Wild & The Moon | Paris, Dubai, Abu Dhabi and Amsterdam

In January 2022, Wild & The Moon opened on the Van Woustraat in Amsterdam (link to article in title) and at the end of this year it also opened a restaurant on the Zuidas, Amsterdam’s business district. It is an iconic French food concept with a 100% vegan and gluten-free range. They now have 10 branches in Paris, three in Dubai and Abu Dhabi. The menu is 100% plant-based and 100% gluten-free: from the juices, super bowls, soups and salads to the desserts and snacks. All products are homemade and made from wild, organic, local and pure ingredients. No refined sugars, chemicals or GMO’s are added into their products, and no gluten and no milk are used.

The Ketchup Project

Ketchup is part of a good burger. We spotted a sustainable, honest product, The Ketchup Project. More than 50% of fruit and vegetable harvests in Kenya are thrown away due to unstable sales markets. To reduce waste and post-harvest losses, The Ketchup Project develops local hubs to dry tomatoes and mangoes to extend the fruit’s shelf life by 1.5 years to ensure the entire harvest can be utilized. The project now has three flavors of ketchup, developed with Michelin-starred chef Mohsine Korich: tomato ketchup, mango ketchup and smokey ketchup. The ketchup is for sale at (web) stores such as Picnic, Bidfood and Instock Market, it can also be tasted at various catering establishments in the Netherlands and is part of the HelloFresh meal boxes. It is a sustainable, healthy and fair alternative to the common ketchups in the Netherlands, which are often produced in China in an environmentally and human-unfriendly way. Have you tasted it yet?

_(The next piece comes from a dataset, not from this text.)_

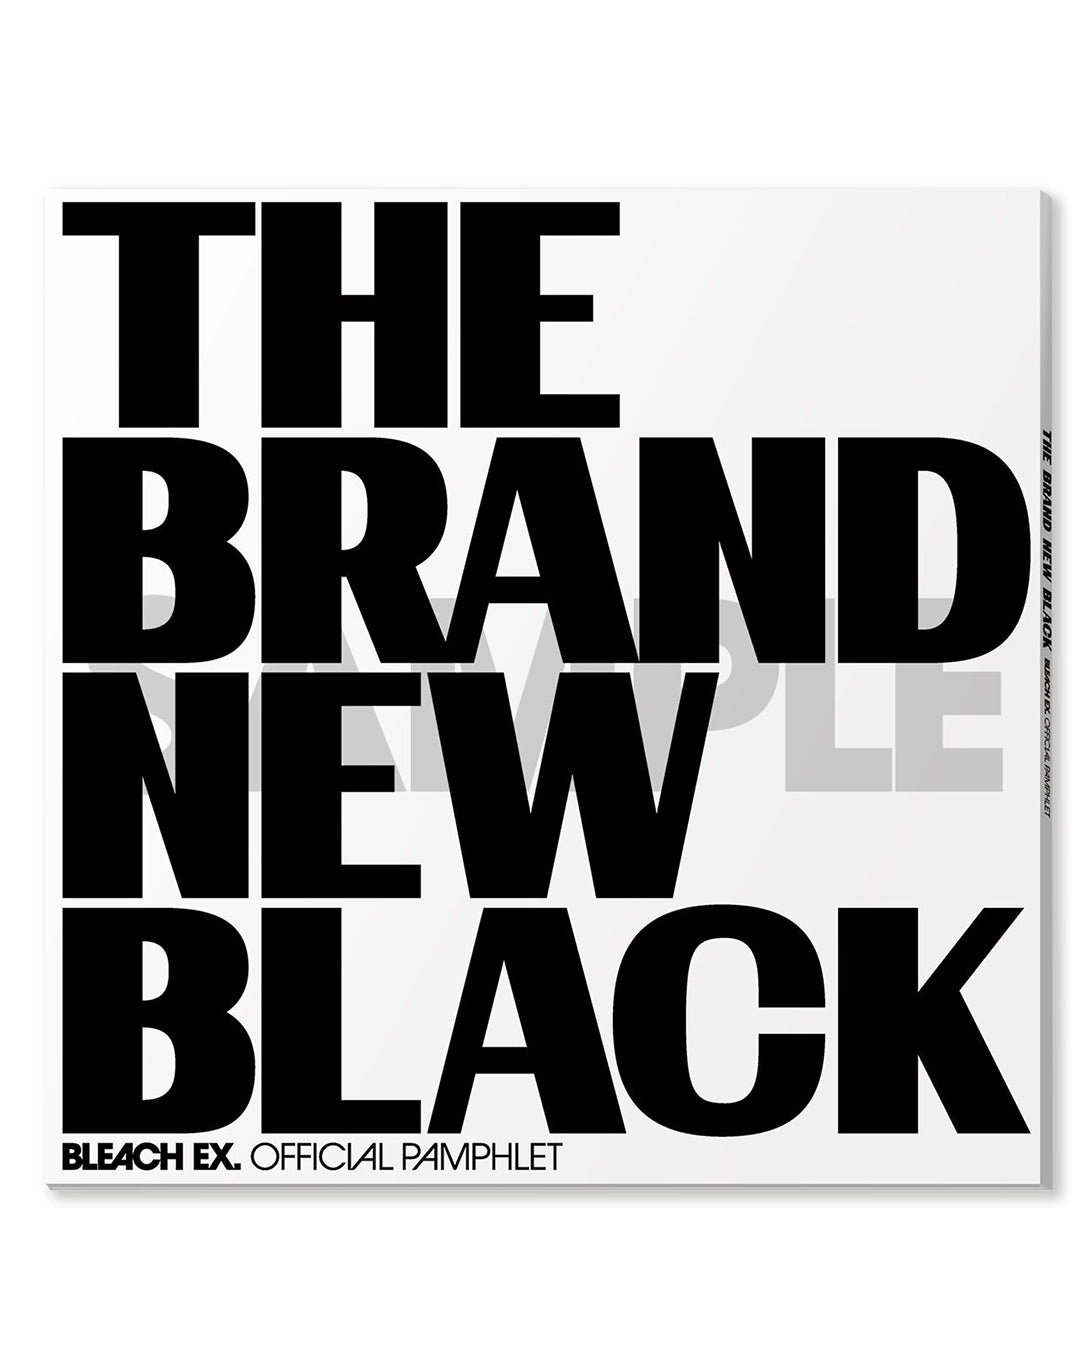 BLEACH EX. Official exhibition pamphlet - THE BRAND NEW BLACK

Climate neutral burger by Hans im Glück

We recently wrote about Hans im Glück, a burger restaurant in Germany. Since they opened in 2010, they have been pioneering the industry in terms of sustainability. For example, they have a wide range of vegetarian and vegan dishes, a burger created with insect pate and biodegradable drinking straws.

In addition to this, they have also been serving the WEGWEISER, their climate neutral burger, for some time. It is a vegetarian burger made from falafel and is served on a brioche bun with different vegetables and sauce. Sounds delicious doesn’t it?